Ведь русский мужичок, конечно, тем и глуп,
Что носит шапку и тулуп;
Ему бы надобно, как умному французу,
 В холстинную одеться блузу
И выйти этак на мороз…
 

– Какое ослепление! – воскликнул хозяин. – Да вы, пожалуй, станете сравнивать наших горничных девок с парижскими гризетками, этими пленительными, милыми созданиями…

Тут я заметил, что хозяйка поморщилась. Казалось, как будто бы слово «гризетка» напомнило ей о чем-то очень неприятном; но господин Лыков, не обращая внимания на пасмурное чело своей супруги, продолжал с возрастающим жаром:

– О, эти парижские гризетки – прелесть! Какая ловкость, какая острота, сколько ума в этих бойких, резких ответах, за которыми они уж никогда в карман не пойдут… А какие талии!.. Какие ножки!.. Да что гризетки! Я вам скажу, monsieur Belsky, что мне случалось иногда, переменяя лошадей, слушать по целым часам, и слушать с наслаждением, разговоры французских почтарей, то есть простых ямщиков!

Представьте себе положение человека, при котором говорят такие нелепости и который не может ни смеяться в глаза тому, кто их говорит, ни заставить его молчать, ни даже напомнить ему известный стих Грибоедова: «Послушай: ври, да знай же меру!»

Я вас спрашиваю, что прикажете делать этому несчастному человеку?… Уйти скорее прочь, скажете вы. Это-то именно я и сделал. Встал, раскланялся и ушел. Не подумайте, однако ж, любезные читатели, что я для вашей потехи рассказываю вам небылицы, – честью вас уверяю, что все это правда! Если мои записки имеют какое-нибудь достоинство, так это потому, что я ничего не сочиняю, а рассказываю только то, что слышал сам и видел собственными глазами. Впрочем, то, что я скажу в заключение, покажется вам еще невероятнее. Этот господин, который слушает с наслаждением разговоры французских ямщиков, слывет в своем кругу преумным человеком.
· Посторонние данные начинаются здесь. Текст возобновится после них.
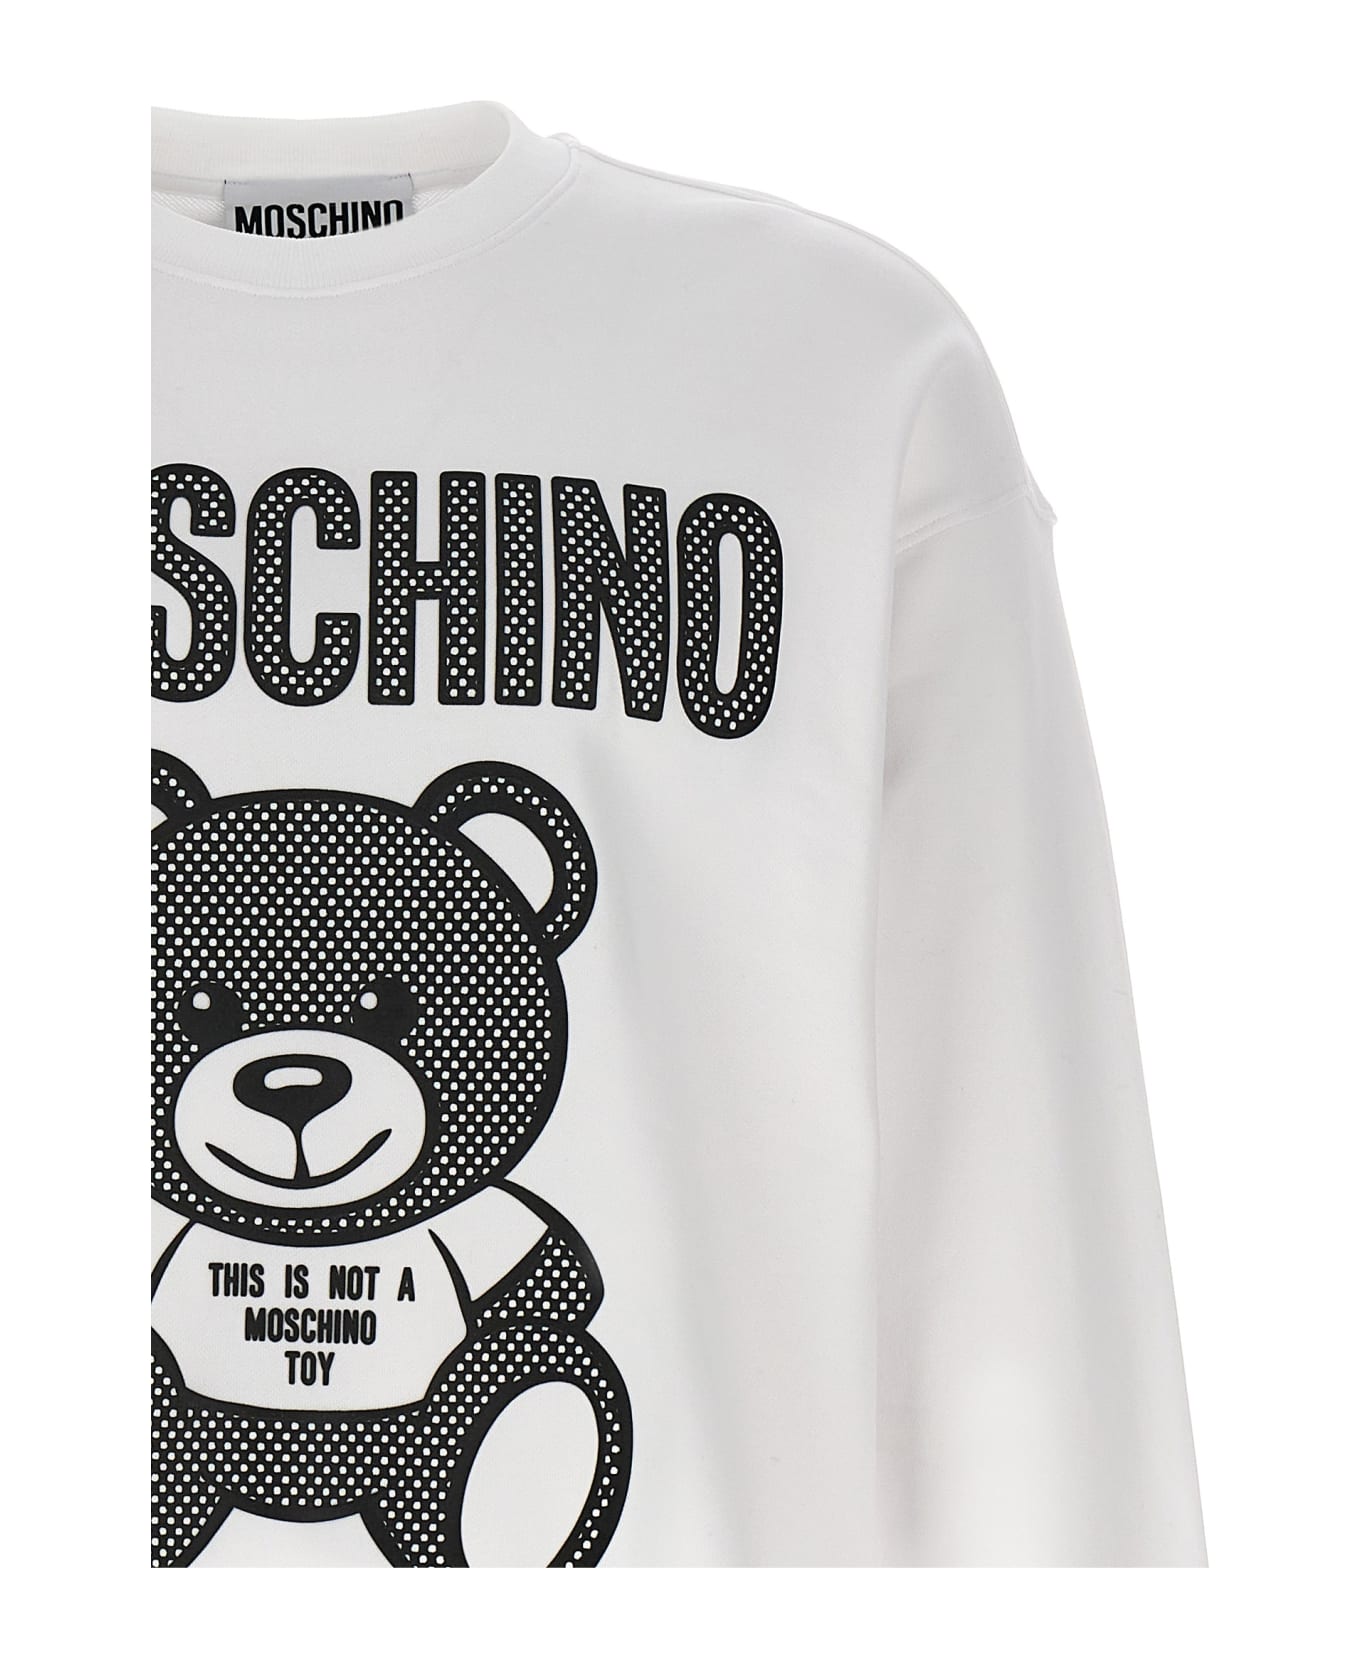 Moschino 'teddy' Sweatshirt - White/Black

«Куда же я теперь поеду? – подумал я, садясь в мою пролетку. – Да чего же лучше?… Чтоб отдохнуть душою после такой неприятной беседы, поеду к тому, кого давно уже привыкла звать своим православная Москва, кто остался теперь едва ли не одним из числа тех гостеприимных бояр, которыми некогда была красна и славилась наша Белокаменная». Всегдашний житель Москвы, он так сроднился с нею, что кажется совершенно невозможным ни ему покинуть Москву, ни Москве остаться без него. Вельможа в полном смысле этого слова, он в то же время самый приветливый хозяин. Его прием всегда одинаков; он с равной лаской встречает в великолепных своих палатах и нечиновного человека, и первостепенного сановника царского. В этом отношении, как истинный русский боярин, он не знает никаких различий, и всякий гость, им приглашенный, становится для него дорогим гостем. Если я прибавлю к этому, что ни один бедный не отходит от него без подаяния и, конечно, не было еще ни одного несчастливца, которому он отказал бы в своем покровительстве и пособии, то уж, верно, вы, любезные читатели, догадаетесь, о ком я говорю, и назовете по имени того, кого я здесь назвать не смею.
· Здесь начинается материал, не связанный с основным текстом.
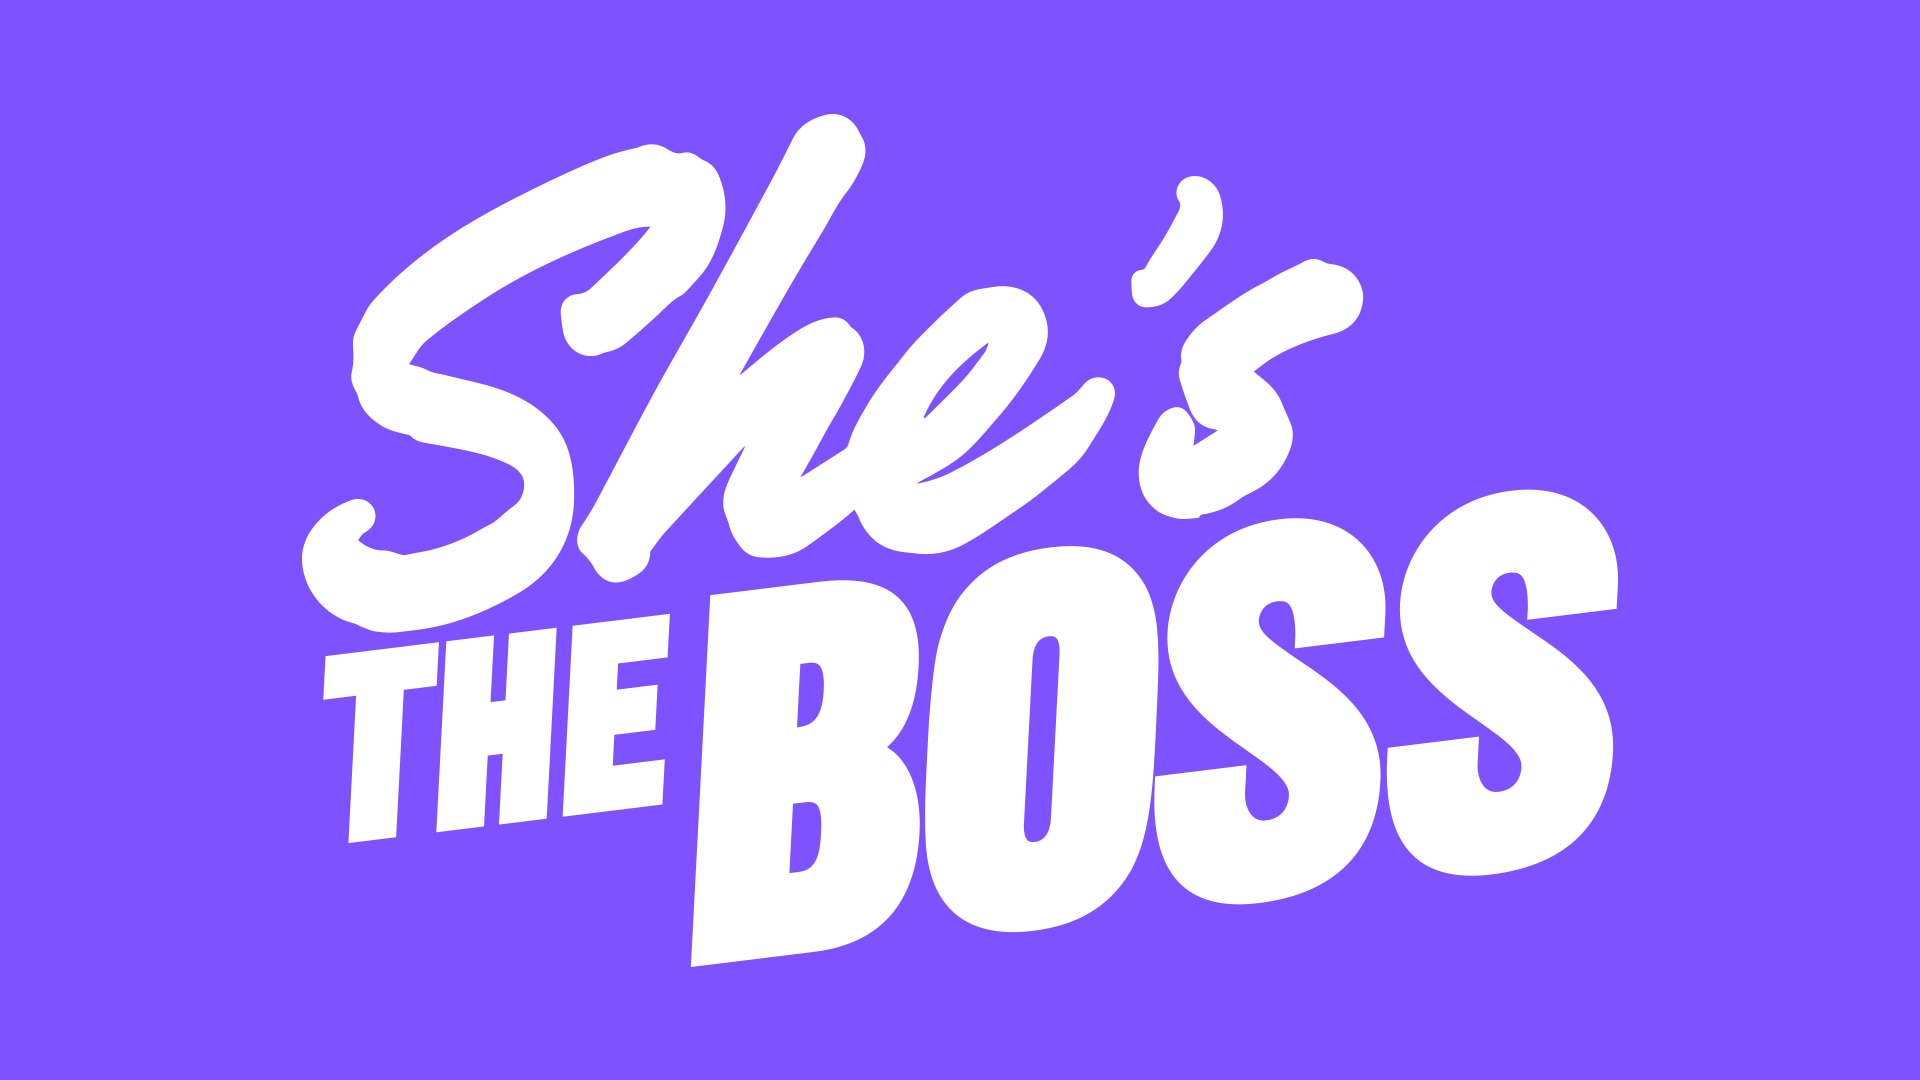 She's Boss -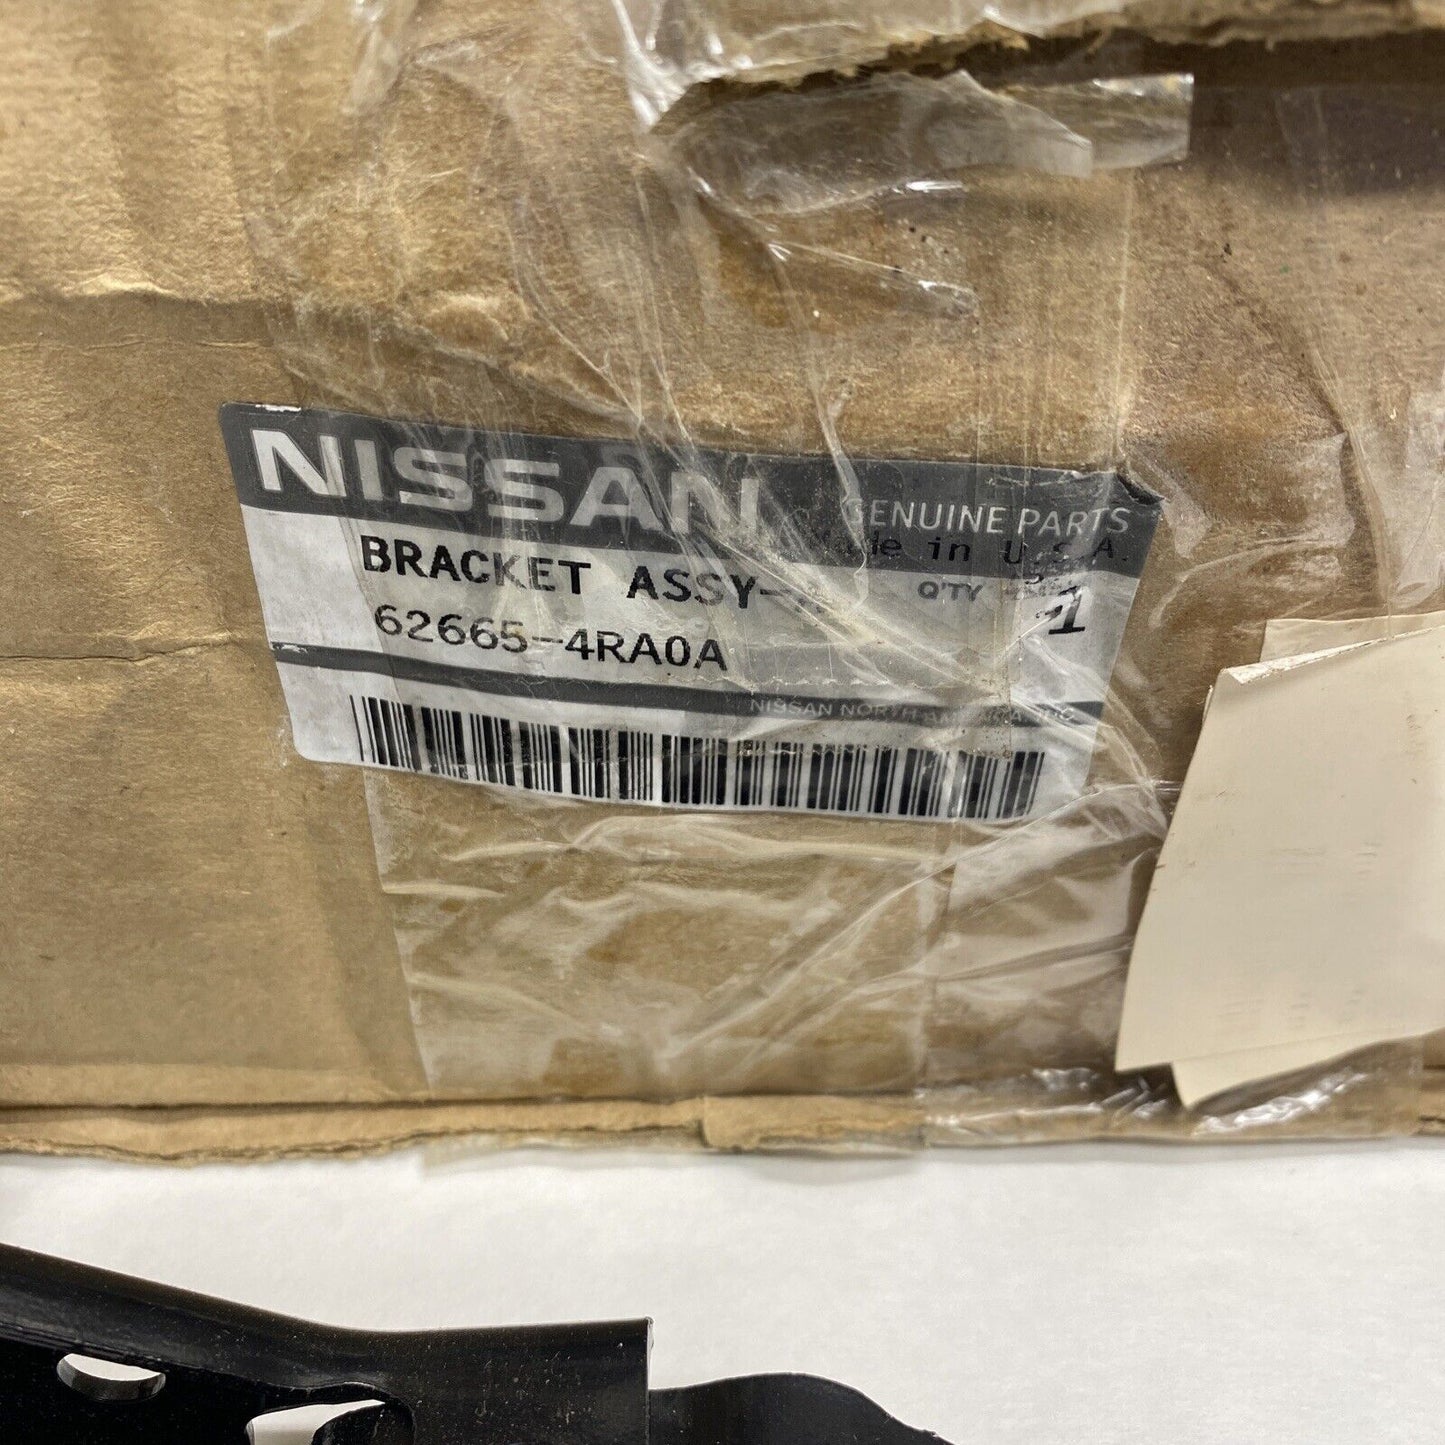 New OEM Nissan Bracket Left Driver Side 626654RA0A

– Ступай к Пречистенским воротам! – сказал я кучеру.

– К Пречистенским воротам? – повторил мой Петр. – Уж не к его ли сиятельству?…

– Ну, да!..

– А зачем мы к нему поедем, батюшка? Ведь он летом всегда изволит жить в своей подмосковной.
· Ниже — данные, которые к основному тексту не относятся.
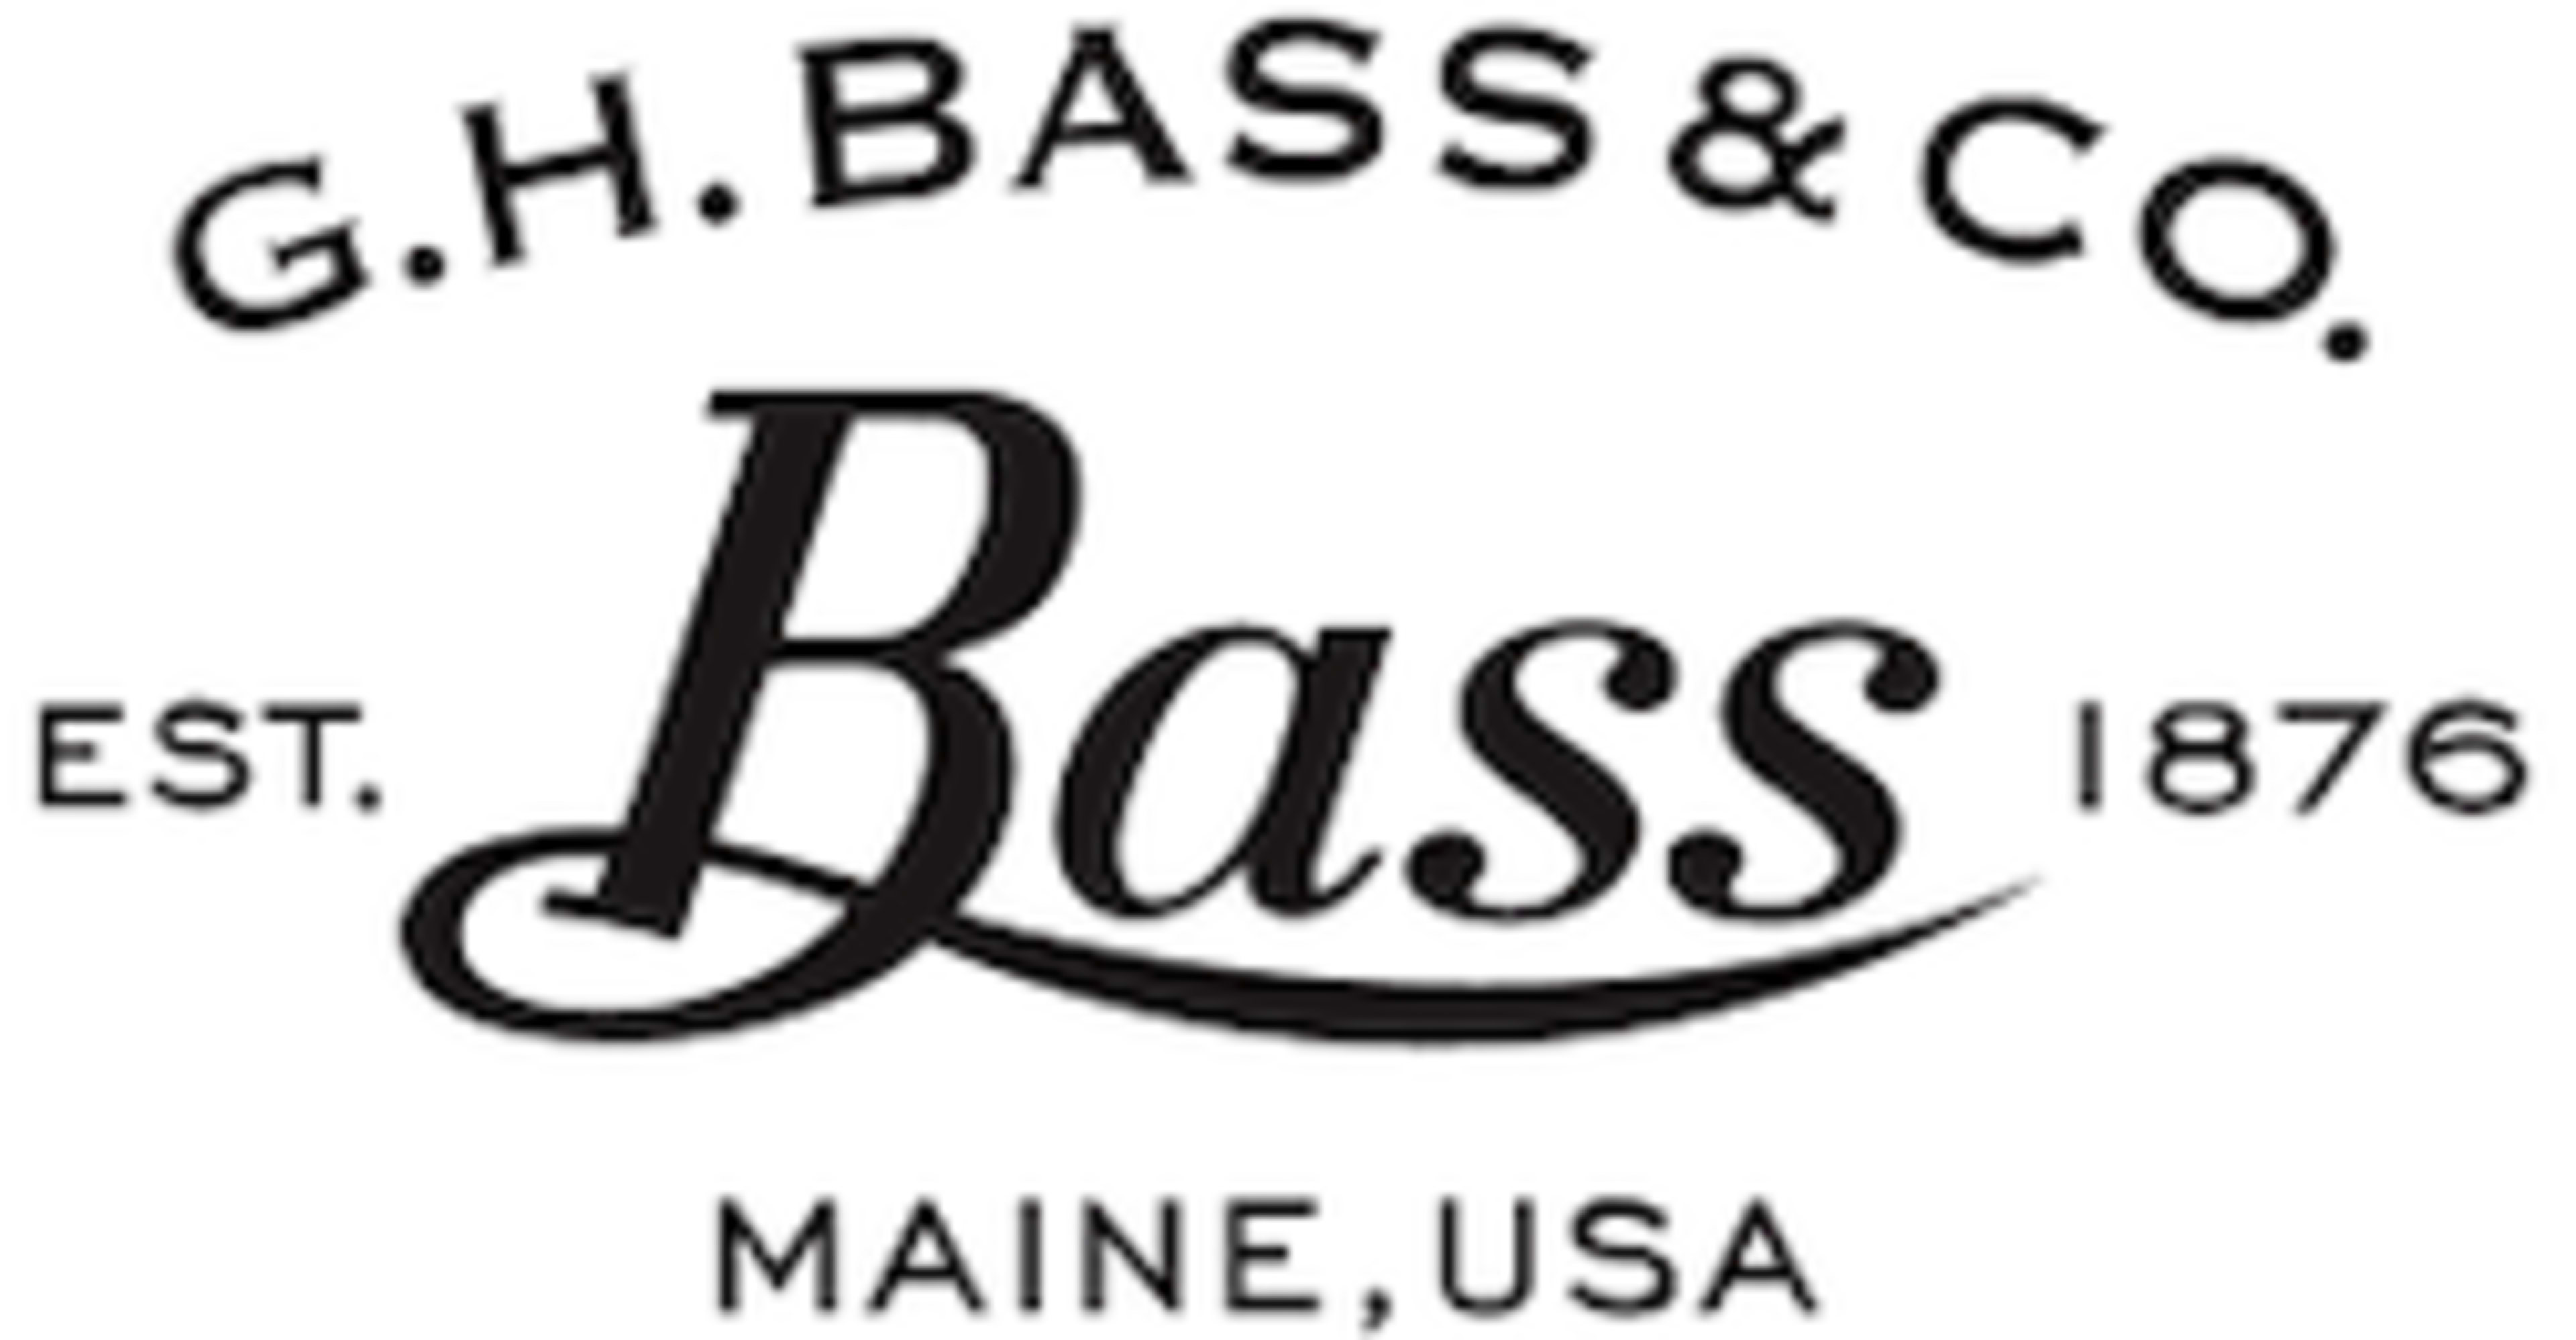 G.H. Bass Code

– В самом деле!.. Совсем из ума вон!.. Так ступай на Каменный мост за Москву-реку…

– Да не прикажете ли, Богдан Ильич, заехать прежде к Буркину?… Он близехонько отсюда, из Замоскворечья нам будет не по дороге; ведь нам придется ехать на Крымский брод.

– И то дело! Поедем к Буркину.

Матвей Юрьевич Буркии – давнишний мой знакомый; мы вместе с ним служили в двенадцатом году. Он старый холостяк, богатый, умный и честный, но несколько странный; впрочем, эти странности не мешают ему быть очень любезным человеком. Матвей Юрьевич принадлежит к числу тех москвичей, которые, живя в столице, любят в то же время пользоваться всеми удобствами и простором деревенского быта. Его деревянный, обшитый тесом дом окружен со всех сторон службами и всякого рода надворным строением. Тут все есть: и баня, и сушильня, и амбары, и голубятня, и застольная изба, в которой каждый день по колокольчику сбираются обедать человек тридцать дворовых людей. Разумеется, позади дома разведен сад с тепличкою, парниками, грунтовыми сараями и затейливой беседкою, которая немного пошатнулась набок, но все еще красива и очень походит издали на развалины греческого храма. Поросший густой травой обширный двор Буркина служит довольно сытным пастбищем для разных домашних животных, из числа которых, как вы сейчас увидите, одна презадорная скотина обошлась со мною самым невежливым образом.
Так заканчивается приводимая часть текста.